Dit que l’expert devra adresser aux parties un document de synthèse, ou pré-rapport ;
— fixant, sauf circonstances particulières, la date ultime de dépôt des dernières observations des parties sur le document de synthèse, lesquelles disposeront d’un délai de 4 à 5 semaines à compter de la transmission du rapport ;
— rappelant aux parties, au visa de l’article 276 alinéa 2 du code de procédure civile, qu’il n’est pas tenu de prendre en compte les observations transmises au-delà du terme qu’il fixe.
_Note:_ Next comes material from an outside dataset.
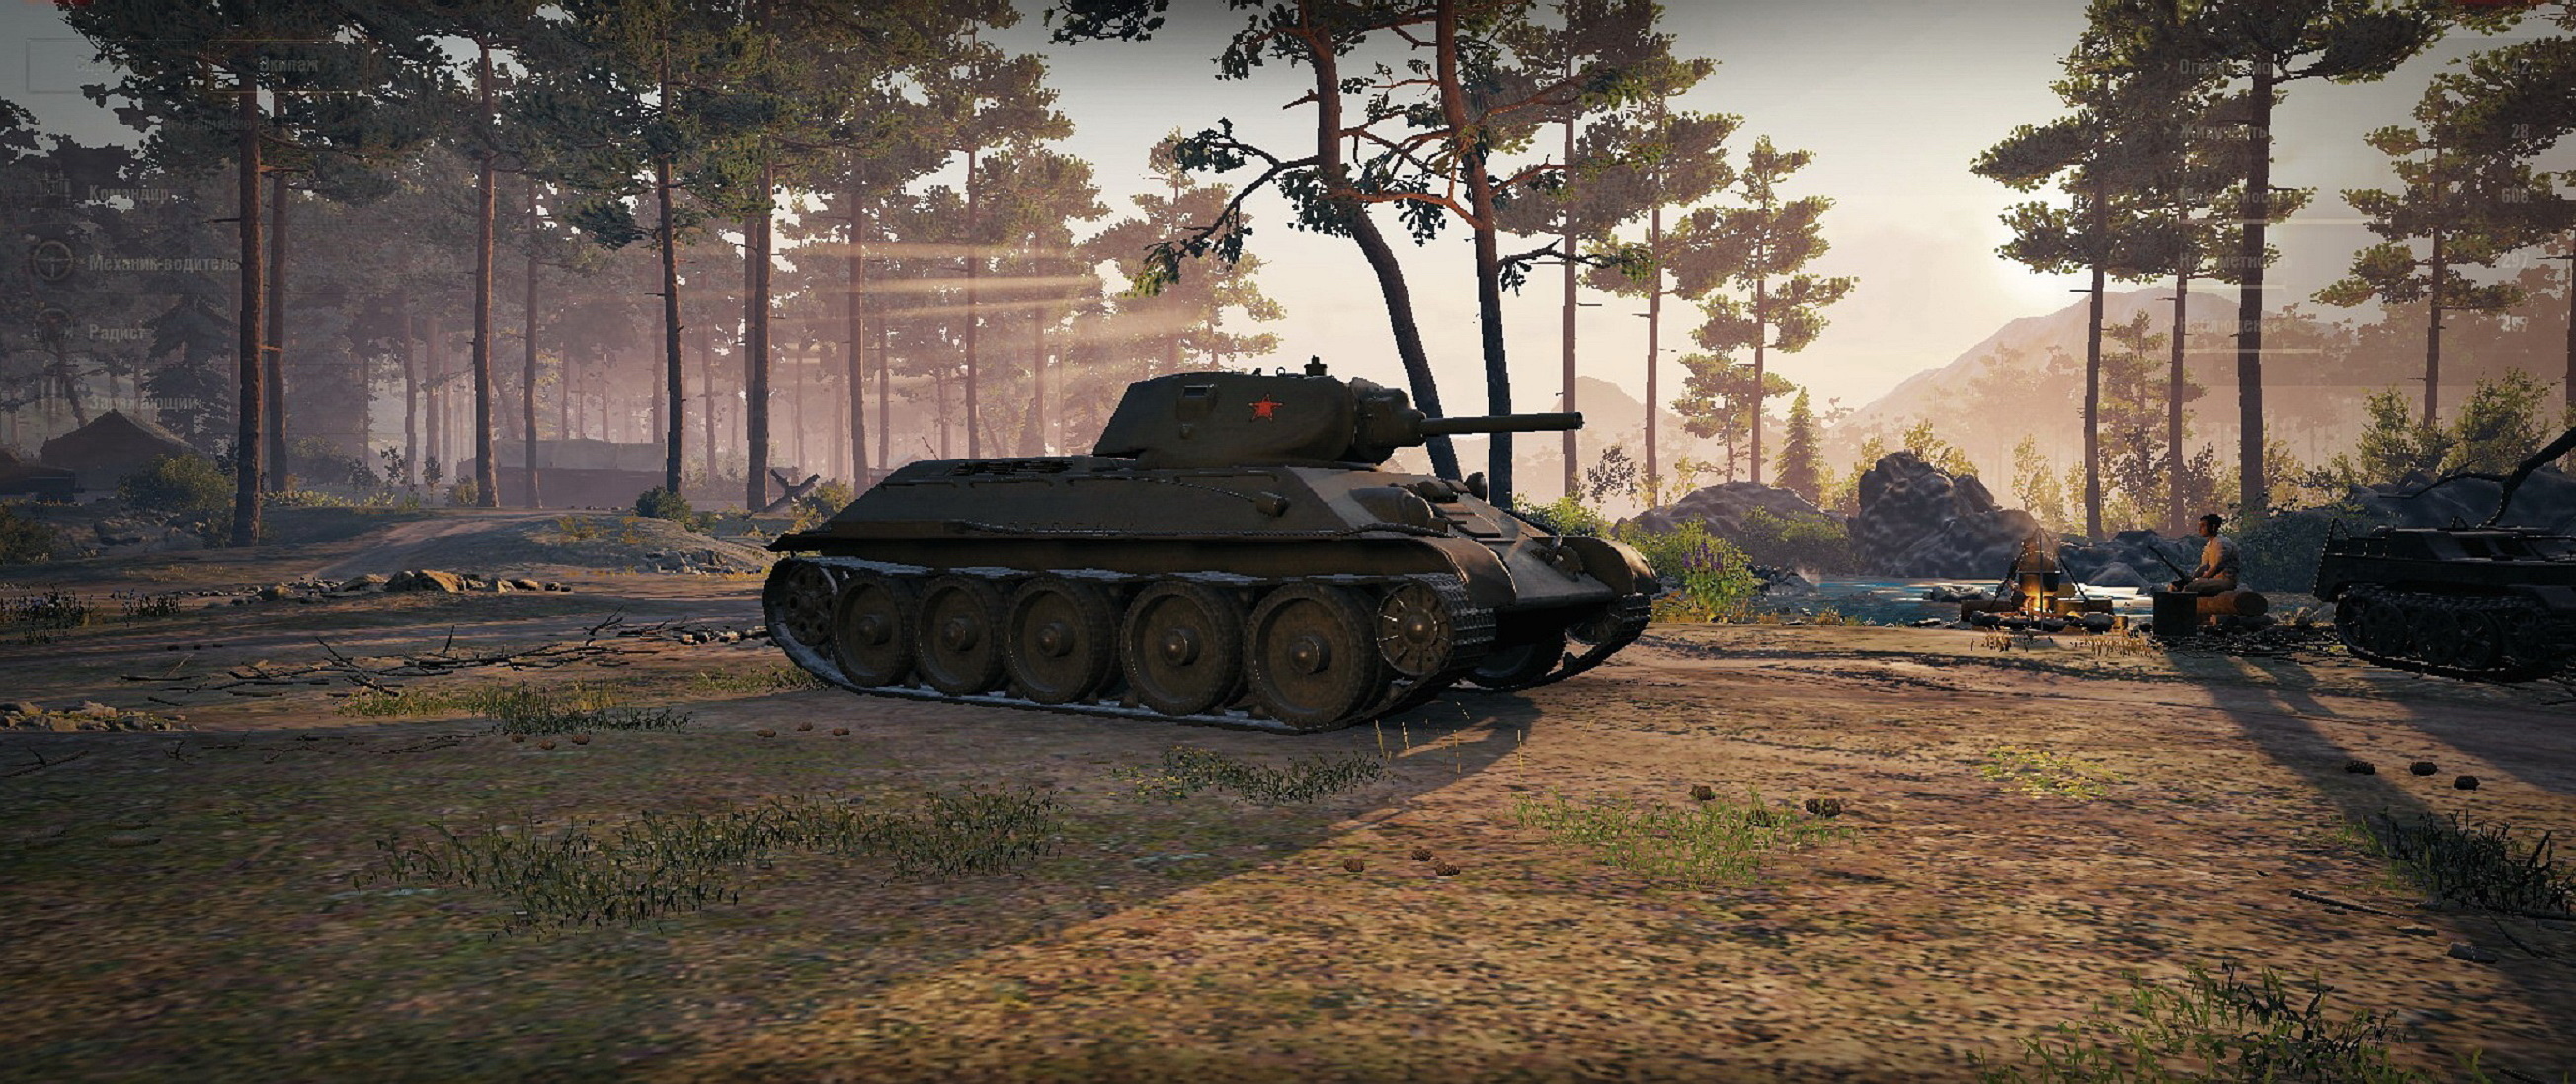 Танк т 34 игра. Танк т-34 ворлд оф танк. Танк т34 WOT. Т 34 76 ворлд оф танк. Т-34 танк СССР World of Tanks.

Dit que l’expert répondra de manière précise et circonstanciée à ces dernières observations ou réclamations qui devront être annexées au rapport définitif dans lequel devront figurer impérativement :
— la liste exhaustive des pièces par lui consultées ;
— le nom des personnes convoquées aux opérations d’expertise en précisant pour chacune d’elle la date d’envoi de la convocation la concernant et la forme de cette convocation ;
— le nom des personnes présentes à chacune des réunions d’expertise ;
— la date de chacune des réunions tenues ;
— les déclarations des tiers entendus par lui, en mentionnant leur identité complète, leur qualité et leurs liens éventuels avec les parties ;
le cas échéant, l’identité du technicien dont il s’est adjoint le concours, ainsi que le document qu’il aura établi de ses constatations et avis (lequel devra également être joint à la note de synthèse ou au projet de rapport)
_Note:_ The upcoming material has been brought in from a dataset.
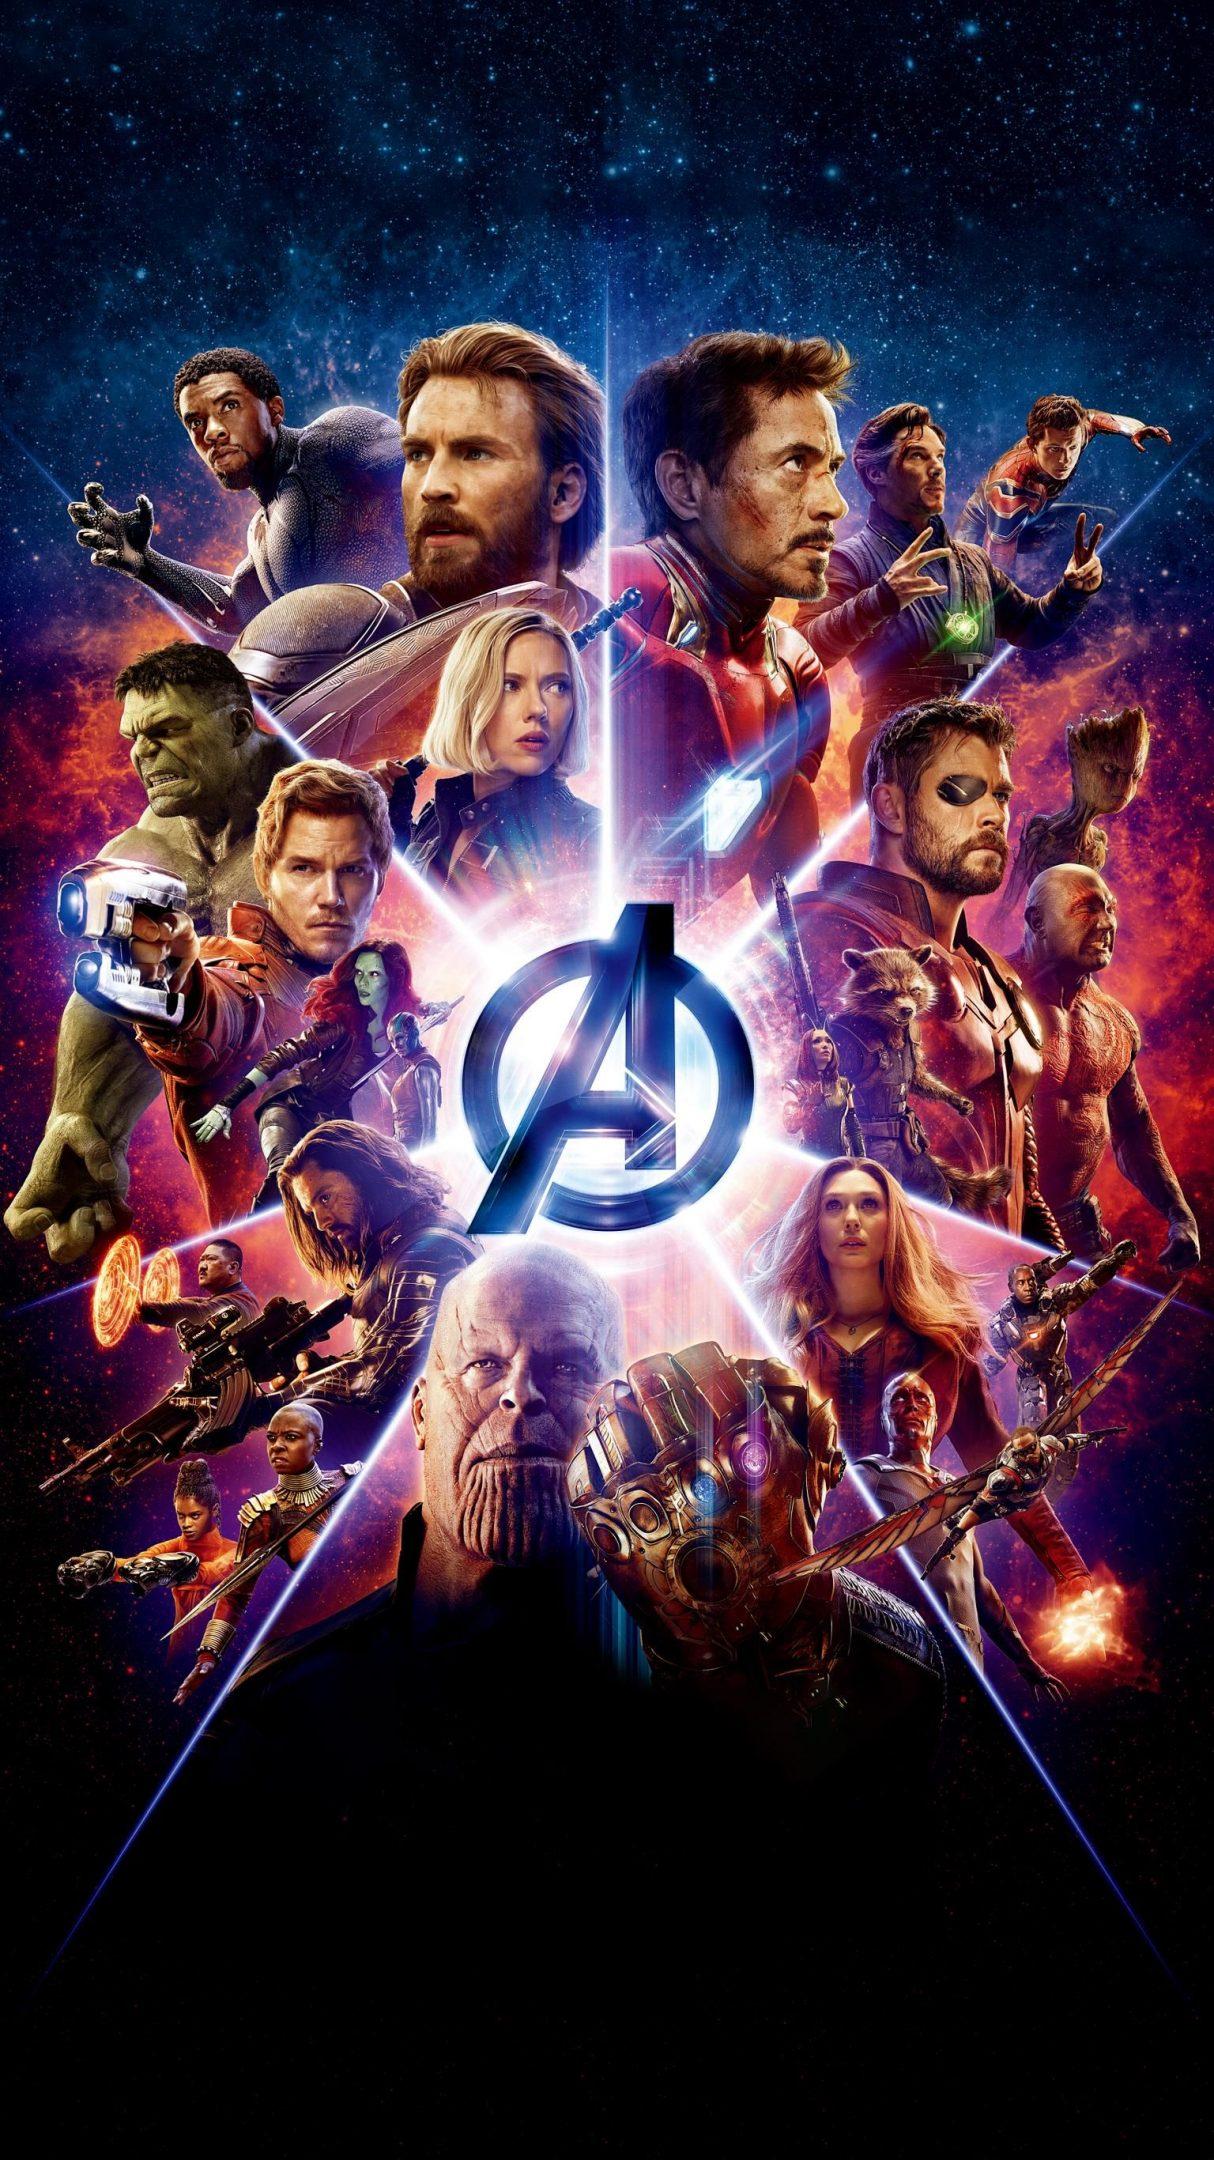 Free Download Avengers Endgame iPhone Wallpaper

Fixe à la somme de 1.500 euros, le montant de la provision à valoir sur les frais d’expertise qui devra être consignée par demandeur par virement à la régie d’avances et de recettes du Tribunal (cf IBAN joint) mentionnant le numéro PORTALIS de la décision dans un délai de 2 mois à compter de la date du jugement;
Dit que l’original du rapport définitif (2 exemplaires) sera déposé au greffe de la 6ème chambre civile du Tribunal de grande instance de Bordeaux, tandis que l’expert en adressera un exemplaire aux parties et à leur conseil, dans un délai de 6 mois à compter de sa saisine, sauf prorogation expresse ;
Désigne le président de la 6ème chambre civile pour contrôler les opérations d’expertise ;
DEBOUTE Monsieur [W] [I] de sa demande de versement d’une provision complémentaire ;
RESERVE les demandes au titre des dispositions de l’article 700 du Code de procédure civile ;
JOINT les dépens de l’incident aux dépens du fond ;
RENVOIE l’affaire à l’audience de mise en état électronique du 14 octobre 2025 octobre 2025;
REJETTE toute demande plus ample au contraire.
Ainsi fait et jugé les an, mois et jour susdits.
La présente ordonnance a été signée par Louise LAGOUTTE, juge de la mise en état, et Elisabeth LAPORTE, greffier.